MICHELLE MANN:
Supreme Court couldn't rule on compassion in party host case
CBC News Viewpoint | May 5, 2006 | More from Michelle Mann
Michelle Mann is a Toronto-based consultant and freelance writer, specializing in social justice, human rights and Aboriginal issues. A lawyer with many years of practice behind her, Michelle now dedicates herself to consulting on and writing about legal, political and policy issues, particularly those with social justice implications.
Considering throwing a party but worried about your liability for guests that drink and drive? Don't be, says the Supreme Court of Canada, unless you are actively implicated in your guest's destructive actions.
The court's recent ruling in Zoe Childs versus Desmond Desormeaux, considered by many lawyers to be the biggest tort case in 30 years, is, however, worth a read prior to hosting your next event.
 Zoe Childs, who was 18 at the time of the accident, was left a paraplegic. (CBC)
Zoe Childs, a young woman rendered a paraplegic by a drunk driver, sued in negligence the people who held the house party at which the driver got drunk. The case is the first at the Supreme Court of Canada to raise the issue of whether those who host non-commercial, alcohol-related events owe a duty of care to those who suffer physical injury as a result of the impaired driving of one of their guests.
Canadian negligence law has already established a principle of commercial host liability. A bar owner can be held liable for serving excessive amounts of alcohol to someone who then drives and causes damage. However, in these circumstances the "host" is profiting from selling the alcohol, and subject to a strict regulatory regime.
With an estimated thousands of cases awaiting the outcome of this appeal, lawyers across the country were holding their collective breath.
A large exhale could be heard from those of us concerned with the responsibility of the individual for their actions.
In a unanimous and surprisingly short (by Supreme Court standards) judgment, the court stated unequivocally that "as a general rule a social host does not owe a duty of care to a person injured by a guest who has consumed alcohol."
Even if the hosts could have reasonably foreseen Child's injury the court said, under negligence law there was no positive duty to act and monitor guests' drinking or to prevent them from driving. Social host liability might only arise where the host's conduct implicates them in the exacerbation of the risk, for example, by continuing to serve alcohol to a visibly inebriated person knowing that they will be driving home.

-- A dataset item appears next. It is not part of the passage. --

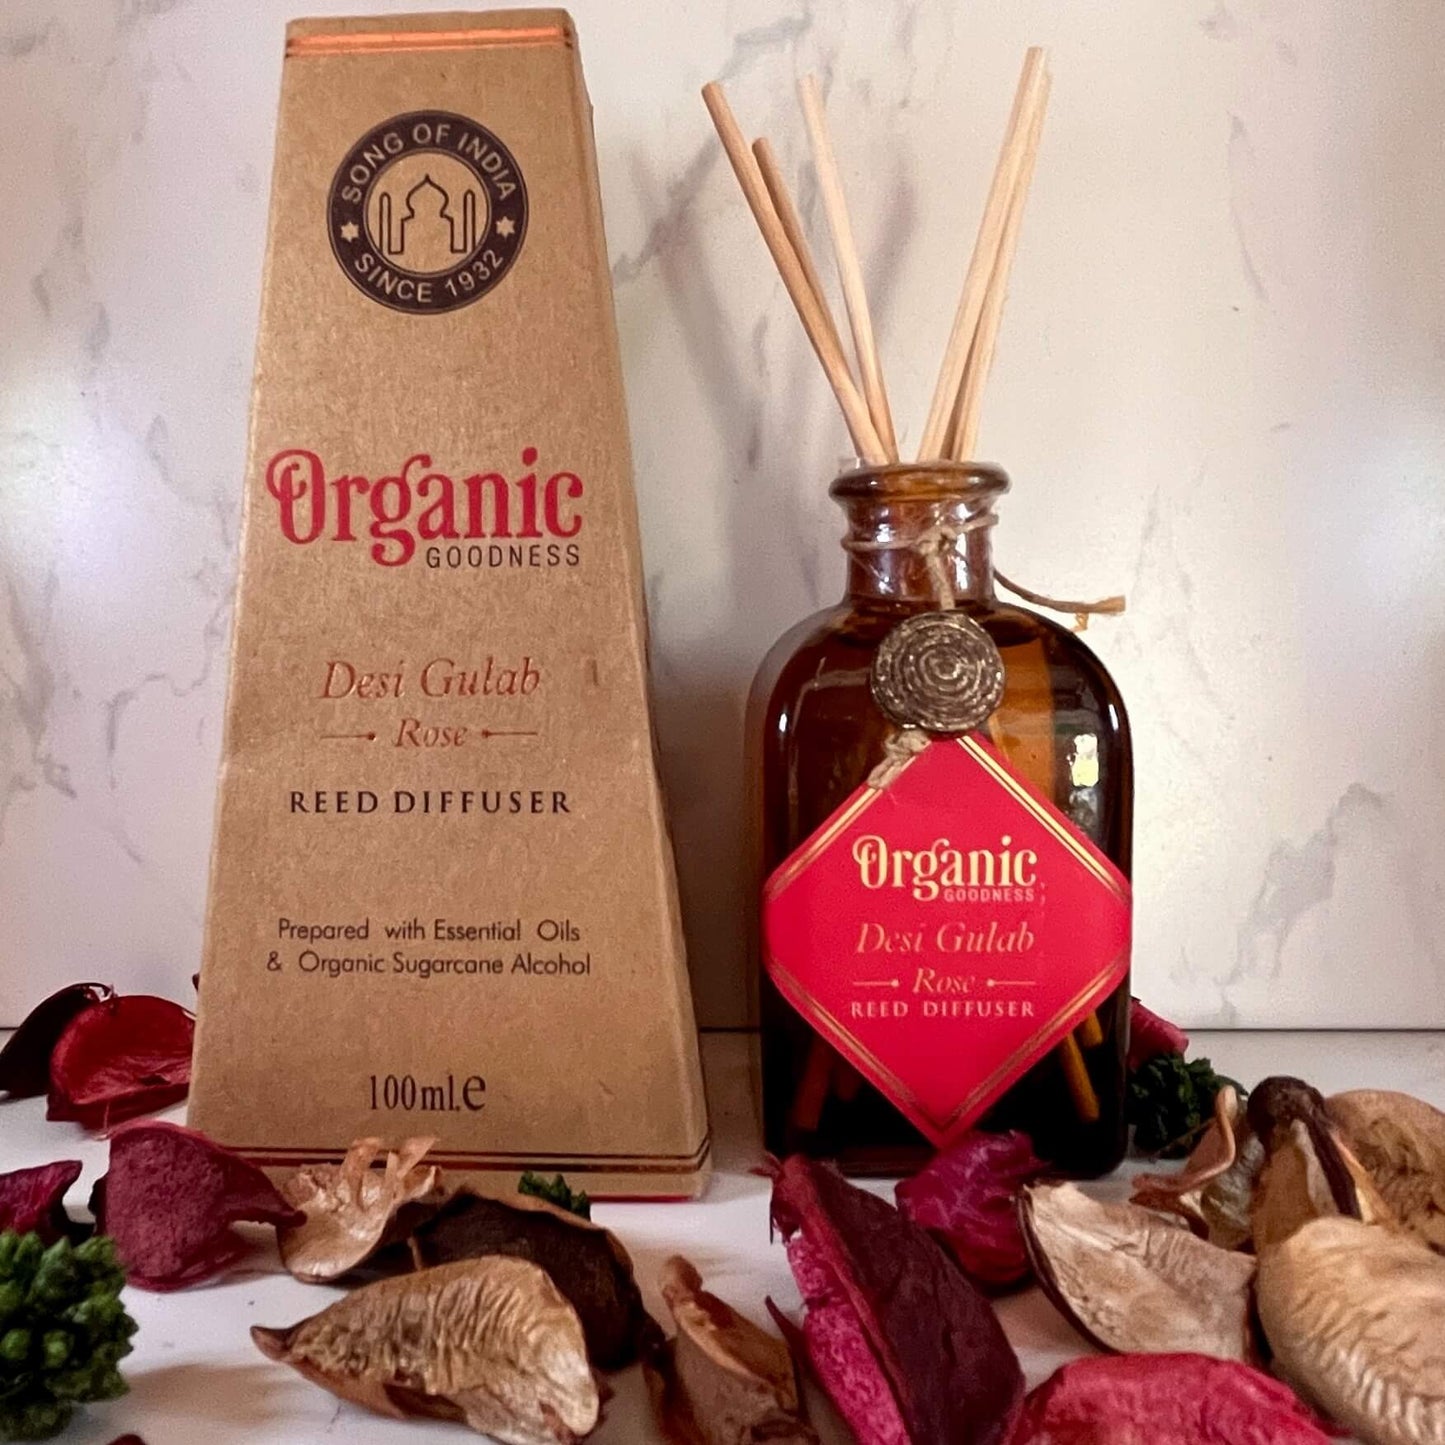 organic goodness gift set gift pack rose reed diffuser rose incense essential oil room spray rose desi gulab pack incense holder natural hand made special buy sale

Legally, this case was about the duty of care owed to others under negligence law, but practically it was also about deep pockets, with the injured victim pursuing compensation under the host's homeowners insurance. One certainly cannot blame Childs and her family for trying; I would go after anyone I could in her circumstances.
However, while she was an extremely sympathetic plaintiff, the court clearly knows that "bad facts make bad law." Ruling on the basis of compassion for her situation would have resulted in a dangerous precedent.
A judgment finding liability on behalf of the social hosts would have required that the bench divorce itself from reality. It is simply not possible to monitor guests that closely, though, of course, we might try, rooted in concern for our fellow citizens.
More importantly, there is a co-relation between our freedom to choose our course of action as individuals and personal responsibility for those choices.
Taken to the extreme, it has been hypothesized that a finding of social host liability in this case could ultimately have led to a drunk driver suing social hosts for not adequately supervising him or her.
The court clearly saw these implications, observing that: Short of active implication, a host is entitled to respect the autonomy of a guest. The consumption of alcohol, and the assumption of the risks of impaired judgment is in almost all cases a personal choice and an inherently personal activity.
The impact that these words of reason will have on numerous other "personal responsibility" type lawsuits currently working their way through the courts remains to be seen.
Take, for example, the tobacco-related class action lawsuits certified in Quebec in 2005. In the Blais case the representative plaintiff argues that the tobacco companies denied the link between tobacco and cancer until the 1990s. Having lost a lung to cancer, he apparently still smoked about 40 cigarettes a day in 2005.
If tobacco companies have deliberately misled the public or withheld health information, they should be on the hook for resulting health related damages. But to what degree are manufacturers responsible for the period after which information about tobacco-related dangers was fully in the public domain?
Equally, gamblers suing governments over their casino-fuelled addictions and failed attempts by the obese to sue fast food companies in the U.S., speak to a trend in so-called "blaming lawsuits."
Childs does not bode well for these types of cases; as eloquently noted by the court: "The common law is a jealous guardian of individual autonomy."
Clearly, governments, corporations and individuals owe duties of care to others. Simultaneously, however, there is a co-relation between freedom of choice and personal responsibility for those choices; a corresponding price to be paid for abnegating our accountability.